Лёня вспоминает о своей дальнейшей работе после разгрома НИИ по БиХС: «К концу 1986 г. работать в реорганизованном институте с новым директором стало практически невозможно, и я принял решение о переходе на другую работу. С большим трудом мне удалось вернуться в свою Альма-матер, Институт общей генетики АН СССР, несмотря на то, что к этому времени я уже в течение многих лет был членом Ученого совета института, а также членом специализированного совета по защите докторских диссертаций при этом институте. Кончились изнурительные поездки в Купавну. Вместо 2-х с половиной часов пути на автобусах и электричке в один конец, попадал на работу в течение 15-ти минут пешей прогулки».

Вскоре Лёне предложили должность Ученого секретаря института, и он согласился. Статус этой должности в институте поднялся. Склоки, которые существовали в институте практически со дня его основания, прекратились, думаю, что не без Лёниных усилий. В секретариате АН стали говорить, что они никогда еще не сталкивались с таким Ученым секретарем, который им тоже успевал давать массу ценных советов.

Печальные события этого 80-летия продолжались. В 1983 году на 70-м году жизни умерла Марианна Петровна Шаскольская, которая была постоянным и желанным гостем в доме моих родителей и с которой была тесно связана значительная часть и моей жизни. Безвременно ушёл из жизни крупный советский учёный. Марианна Петровна входит в список 40 самых выдающихся в мире учёных женщин. Международные конференции её памяти ежегодно проводятся в Москве. Слава богу, остались ещё люди, которые её хорошо помнят и ценят её заслуги.

23 мая 1985 года ушла из жизни моя мама, Ломовская Эмма Григорьевна, когда ей было 75 лет. Последние годы ее жизни мы жили совсем рядом, прогуливались с ней по Молодежной улице, она никогда не выглядела старой (а, может быть, мне это казалось) по сравнению с другими пожилыми женщинами, которых мы встречали. Она, в отличие от папы, уже хорошо понимала обстановку в стране и говорила мне об этом.

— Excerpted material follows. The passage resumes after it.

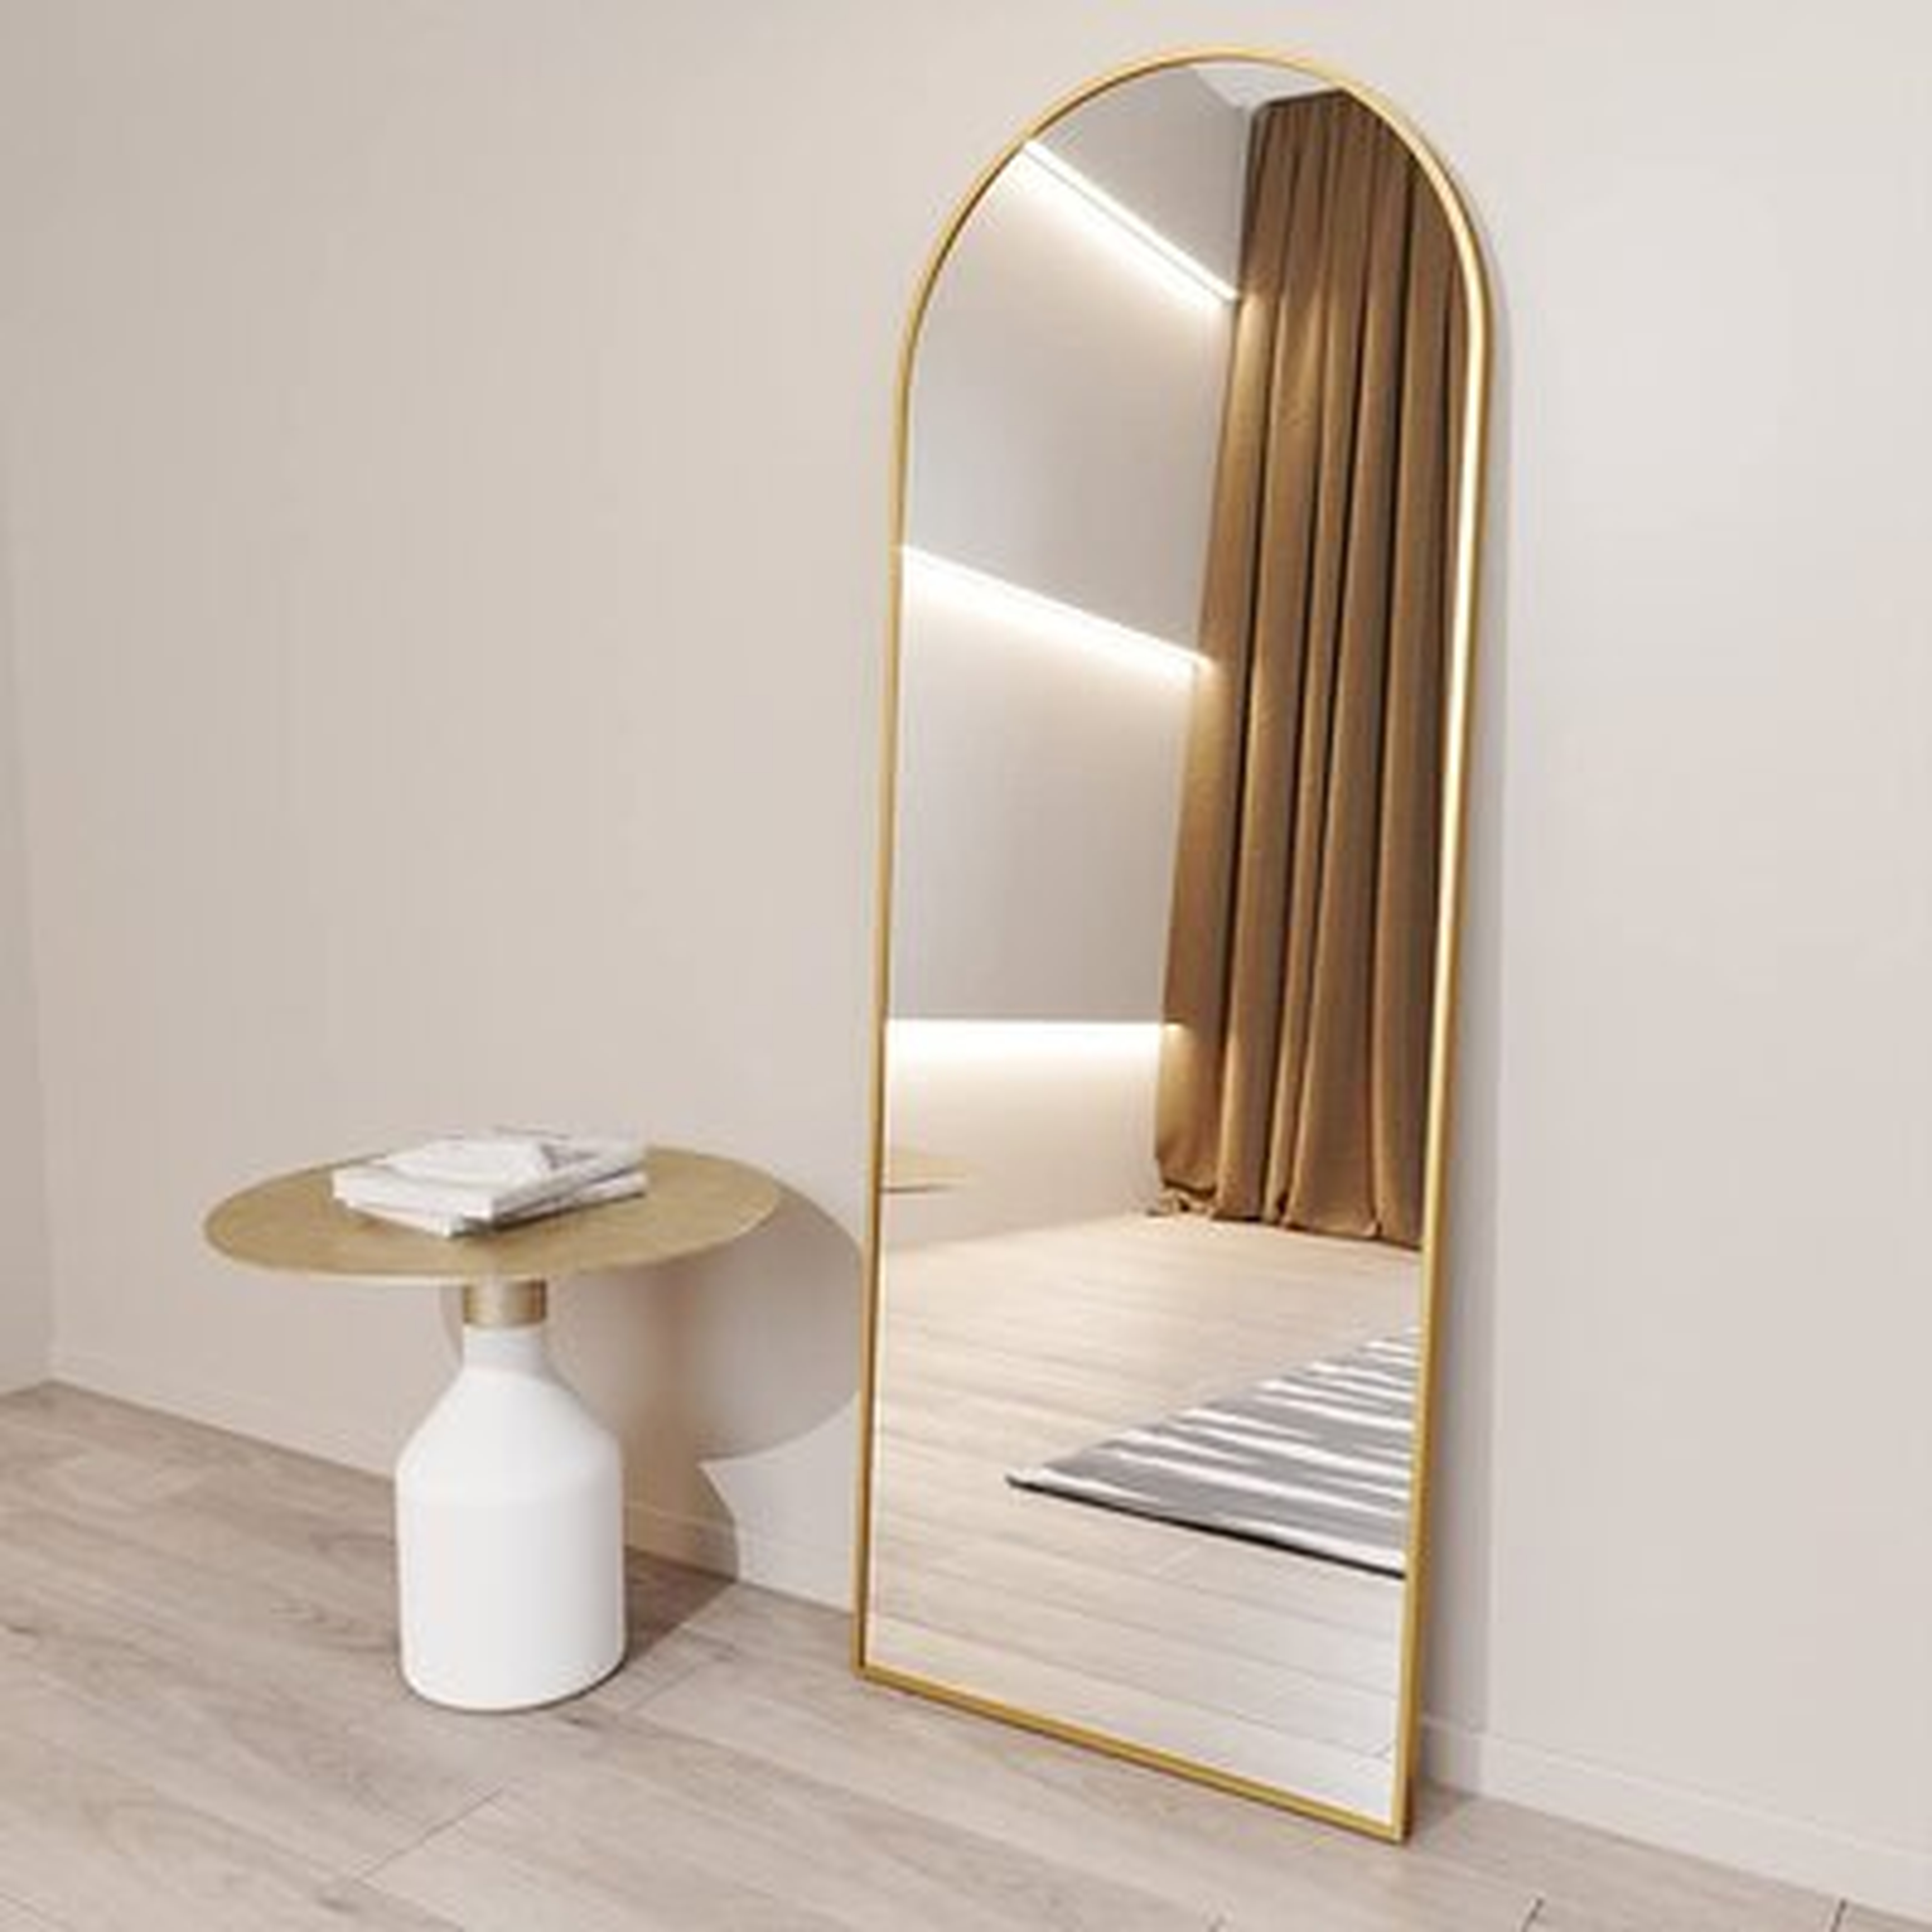 Full Length Mirror Arch Floor Mirror Wall Mirror Hanging Or Leaning Arched-Top Full Body Mirror With Stand For Bedroom, Dressing Room - Wayfair
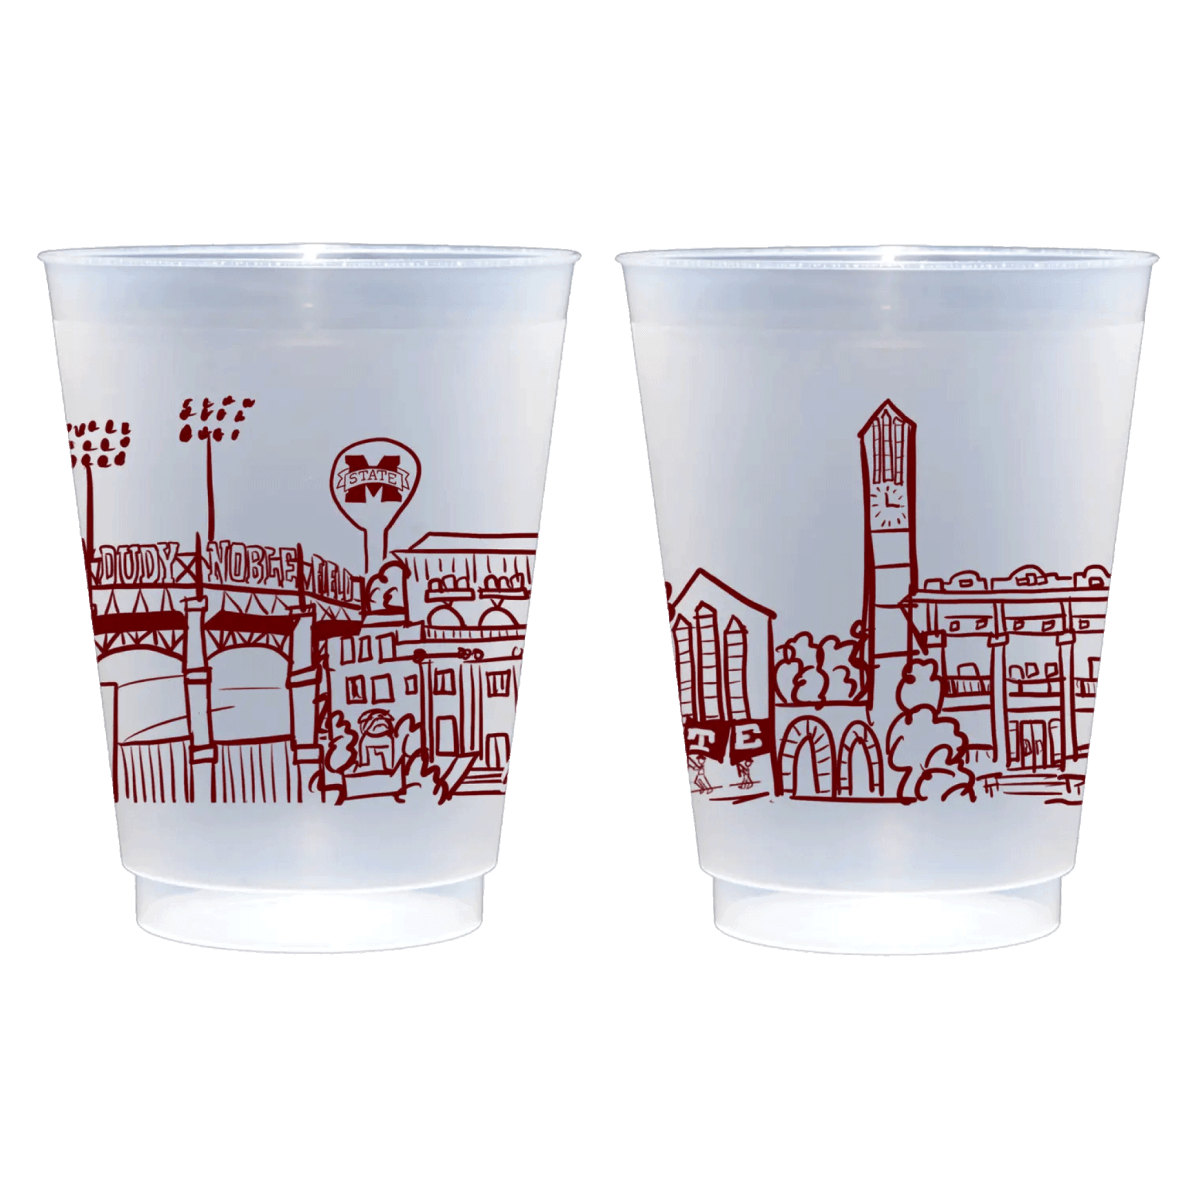 Mississippi State University Campus Cups - Shop B-Unlimited

В последние годы они с папой каждый год ездили отдыхать или в университетский дом отдыха в Красновидово или на турбазу Дома ученых в Прибалтике. Папа писал там стихи и баллады на темы жизни на турбазе и читал их перед отдыхающими, которые принимали их благосклонно. Папа в конце жизни очень хотел передать свое членство в Доме ученых мне. Но уже настали другие времена, и всем было не до этого.

В 1982 году состоялся съезд генетиков и селекционеров в Кишеневе. Лёня поехать не смог. Папу пригласили за счет организаторов съезда как старого генетика и они с мамой поехали. Там же была и Ксения Алексеевна Головинская, вдова Д. Д. Ромашова, с которой мои родители дружили всю жизнь и на съезде так и ходили всегда вместе. Я там делала доклад и на него пришел мой старый знакомый Борис Николаевич Вепренцев. Он работал в Пущино, и мы с ним не пересекались много лет. И с тех пор вплоть до его безвременной кончины больше не виделись.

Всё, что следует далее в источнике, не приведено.